Computer control your Tempurpedic Ergo bed frame
This article assumes you have and understand Linux.
I recently got an old man's bed. You know, the kind with hydraulics to raise or lower the head or foot of the bed. It connects to wifi, so I decided to poke it a bit.
Here's what I learned. It has a TCP web server of some sort running on port 80 that's used for configuring and querying it's wifi setup. It doesn't present much of a website, but after sniffing traffic between their Android app and the bed I learned that it provides a JSON response with it's configuration if you go to http://[bedip]/sys
A bit of research shows that this is a Marvell IoT device. I don't know much about them but I've stashed that knowledge away for later hacking.
In addition to the web interface, it listens for UDP packets on port 50007. This is the important part for us.
Getting to the good bits
A bit more sniffing showed that the control codes are sent to the bed using UDP packets. This makes it a bit more complicated than say, opening your web browser. In Linux we have a great tool called netcat that will let us craft UDP packets and send them at will.

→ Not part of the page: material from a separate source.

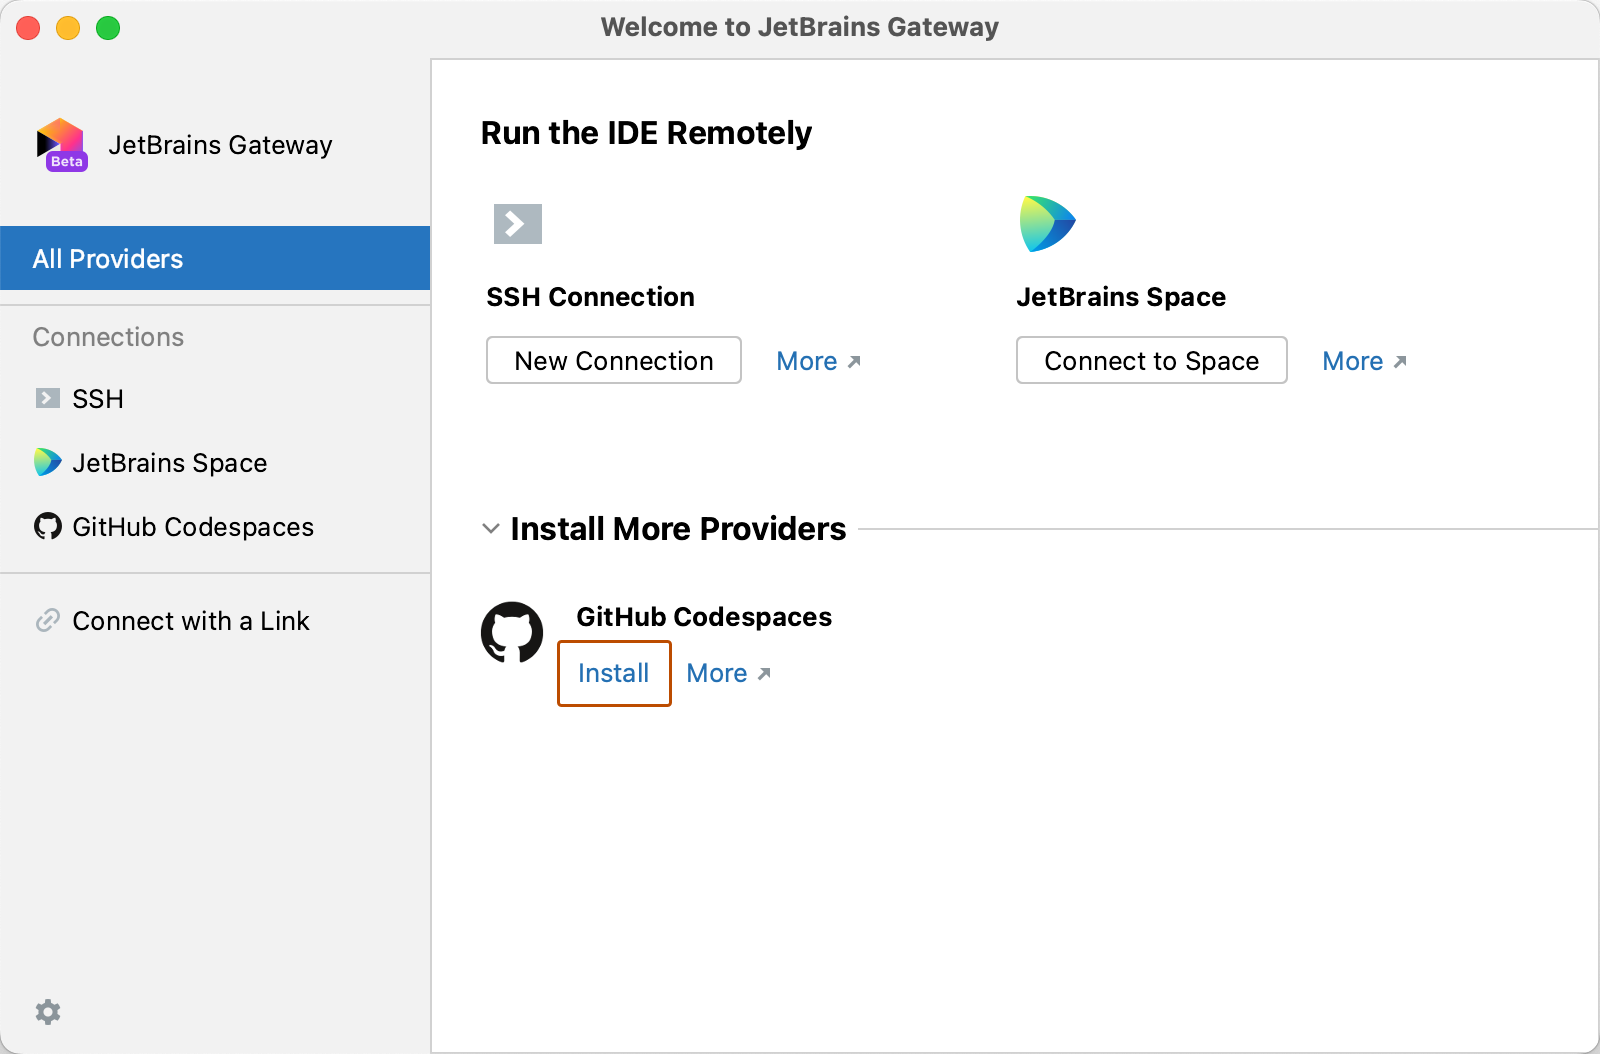 Screenshot of the JetBrains Gateway initial view
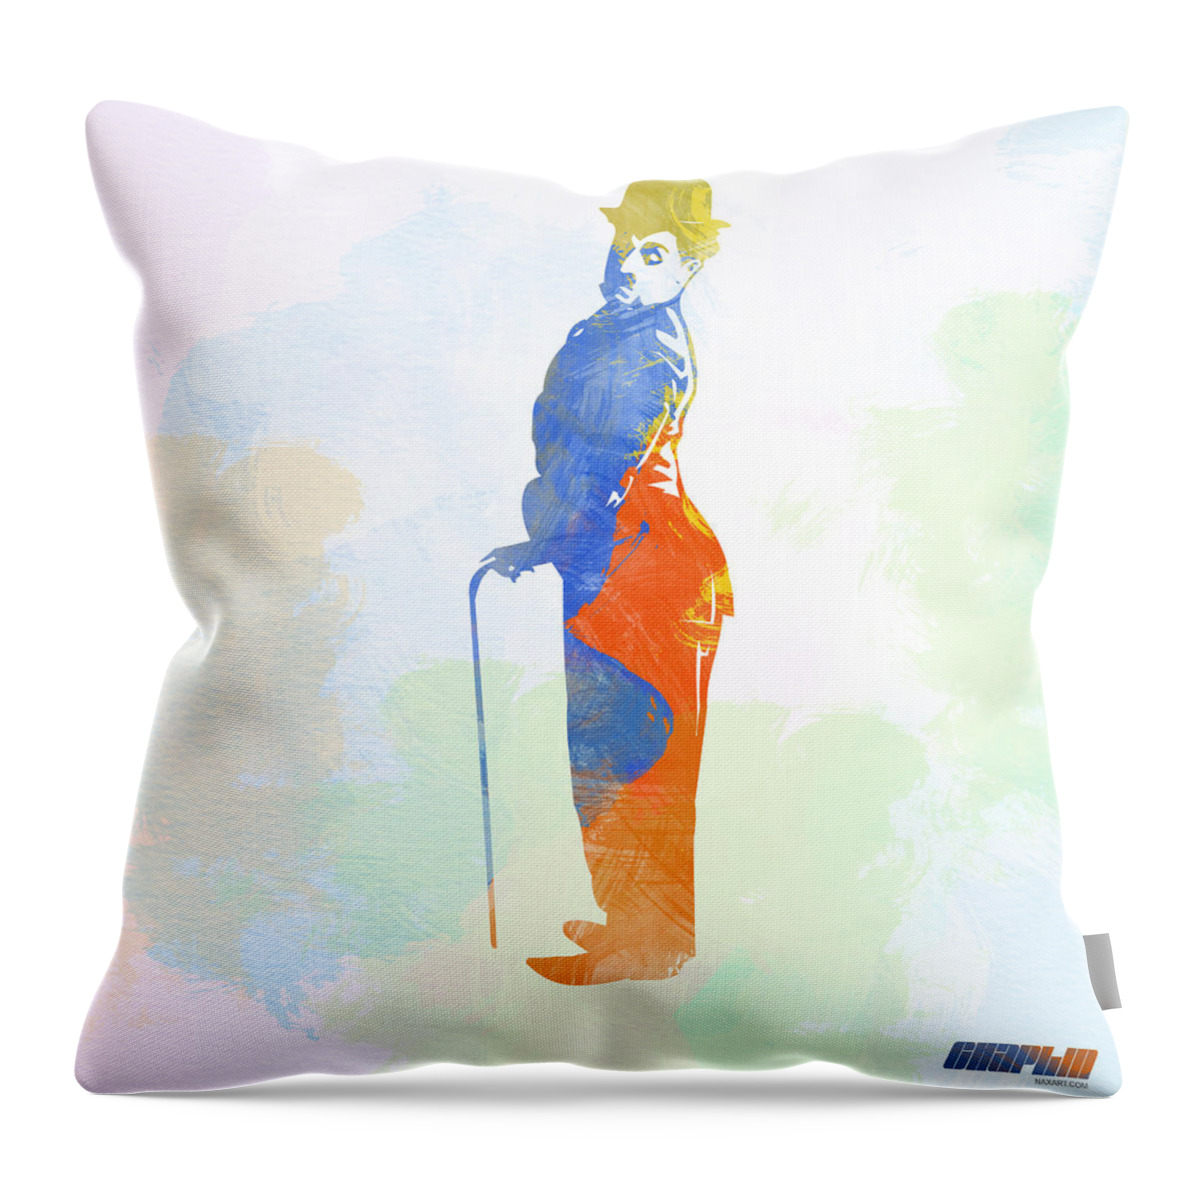 Charlie Chaplin Throw Pillow featuring the digital art Charlie Chaplin by Naxart Studio

The control codes contain more than just plain text, so I opted to store them as hexadecimal and use xxd to convert it to the binary that gets injected into netcat.
Here's a few of the hex codes I've figured out:
- Memory 1: 33053203945C0000C8
- Memory 2: 33053203945c0100c9
- Flat: 3305320A945C0400CC
- Vibe 1: 33053203948D007861
- Vibe off: 3305320A9486000012
Sending the control codes
In order to send these codes to your bed you need to know the IP address of the bed's controller. If your router allows you to set a static DHCP address to a device (i.e. it always issues the same DHCP address to that device) then I recommend doing that.
Once you know the bed's IP address, you simply echo the code to xxd and pipe it into netcat like so (assuming your bed is at 192.168.1.59):
echo "33053203945c0000c8" | xxd -r -p | nc -n -4u -w1 192.168.1.59 50007
The possibilities are endless
From here you could use an IFTTT connection to trigger the bed to do certain things based on other events (use if-this-then-node on your home network to send the packets based on an IFTTT recipe), or even just throw commands into a cron job to wake you up every morning by shaking the bed. Yeah, I said it - your computer could shake you awake.
Really, with people using Amazon Echo to open the garage, start their Tesla and pull it out into the driveway, manipulating your bed with Echo should be simple.
In order to capture the codes, I used "Packet Capture" by Grey Shirts on the Google Play Store. I installed that on the device that was running the ergo app - this way I didn't have to stress over trying to sniff the traffic off the wifi, I could grab it at the source device. It's a great app, by the way. Simply capture the packets and then switch to the Ergo app and push a button. When viewing the captured outgoing UDP packet, be sure to view it as hex.
The security geek in me wants to rant and rave over the complete lack of security built into this device. But, really, what's the real risk? Someone hacks your network and wakes you up at 4AM by vibrating and folding your bed?
What if I don't have a wifi-enabled frame?
There's a project I stumbled on called Tempurpedic Remote Relay that you can use along with hardware hacking your remote to give your computer control of your bed.